Your office has requested our advice on whether a request can be made for payments
                  from the State of Kentucky for any Social Security Administration (SSA) funds utilized
                  in the processing of non-SSA matters prior to 1983. The facts presented indicate that
                  the Kentucky Department of Disability Determinations has been using SSA resources
                  to process Medicaid cases for the Kentucky Cabinet for Human Resources. This procedure
                  was being carried out pursuant to a March 27, 1975, administrative order from the
                  Kentucky Secretary for Human Resources.
               
               For the past two years there have been negotiations with the State of Kentucky with
                  respect to the processing of non-SSA workloads. Although the Disability Determination
                  Service (DDS) began processing Medicaid cases in 1975, the State contends that they
                  are not required to reimburse SSA for the period prior to 1983 since there have been
                  audit closures through 1982.
               
               We have reviewed the Section 221 agreement dated December 23, 1975, Section 221 of
                  the Social Security Act, as amended (effective June 1981) and pertinent regulations.

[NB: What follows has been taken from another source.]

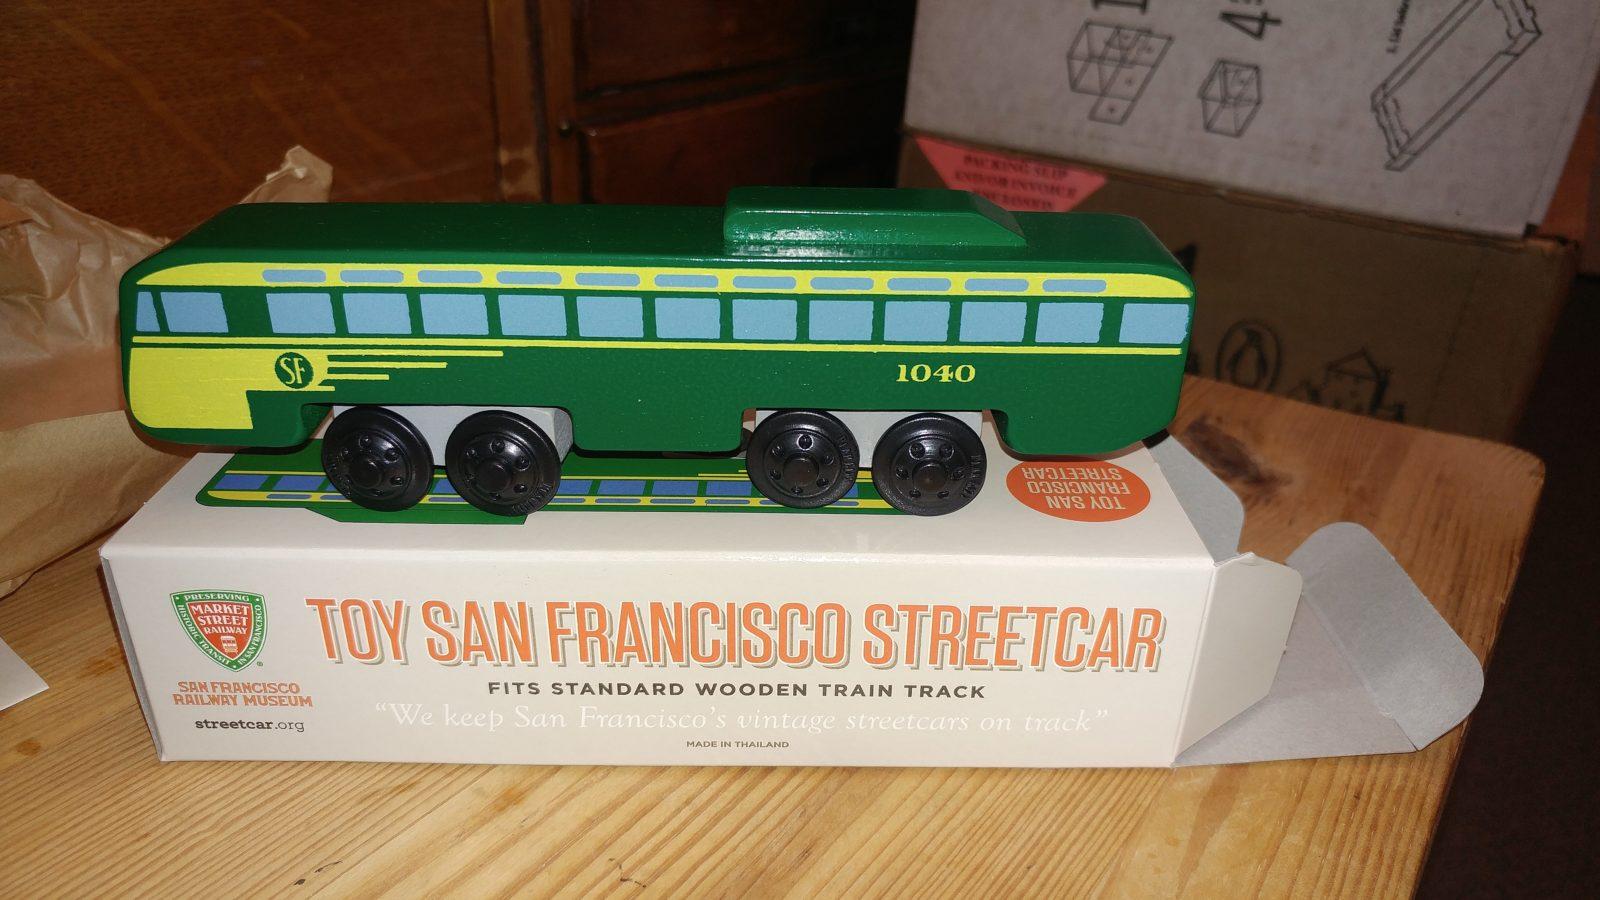 Toy Pcc Streetcar For Kids Wooden Train Sets Market Street Railway

                  Paragraph G of the Section 221 agreement pertaining to fiscal matters provides, in
                  pertinent part, that:
               
               1. The Secretary will provide funds in advance, as may be mutually agreed upon, for
                  the necessary cost to the State agency of making determinations of disability authorized
                  by this agreement ....
               
               2. Such funds will be used solely for such expenses.
               3. ... The Secretary will determine whether such expenditures were necessary in making
                  determinations of disability authorized by this agreement under standards in effect
                  at the time such expenditures were made o~ incurred. If, pursuant to such standards,
                  the Secretary determines that any such expenditure was not necessary for such purpose,
                  the Secretary shall so inform the State agency of tentative exceptions taken, with
                  full explanation of such tentative exceptions. The State agency will be given a reasonable
                  length of time to justify such expenditures. If such expenditures cannot be justified
                  by the State agency, the total amount of expenditures actually made and incurred in
                  such period shall be reduced by any expenditures determined by the Secretary to be
                  not necessary in making determinations of disability authorized by this agreement.
               
               4. Any monies paid to the State which are used for purposes not within the scope of
                  this agreement shall be returned to the Treasury of the United States for deposit
                  in the Trust Fund from which payment was certified.
               
               Likewise, Section 221 of the Social Security Act, 42 U.S.C. §421, provides, in part,
                  that:
               
               (e) Each State which is making disability determinations under subsection (a)(1) under
                  this section shall be entitled to receive from the Trust Funds, in advance or by way
                  of reimbursement, as determined by the Secretary, the cost to the State of making
                  disability determinations under subsection (a)(1). The Secretary shall from time to
                  time certify such amount as is necessary for this purpose to the Managing Trustee,
                  reduced or increased, as the case may be, by any sum (for which adjustment hereunder
                  has not previously been made) by which the amount certified for any prior period was
                  greater or less than the amount which should have been paid to the State under this
                  subsection for such period. (Emphasis added.)
               
               (f) All money paid to a State under this section shall be used solely for the purposes
                  for which it is paid; and any money so paid which is not used for such purposes shall
                  be returned to the Treasury of the United States for deposit in the Trust Funds.
               
               Both the 1975 Section 221 agreement and Section 221 of the Social Security Act provides
                  for adjustment for incorrect payments in a prior year. There are no time limitations
                  contained in either the agreement or the statute. Therefore, it is our opinion that
                  the Social Security Administration may request payments from the State for periods
                  covered by closed Federal or State audits. If there is any disagreement, the State
                  can appeal these determinations pursuant to 20 C.F.R. §416.1027(b)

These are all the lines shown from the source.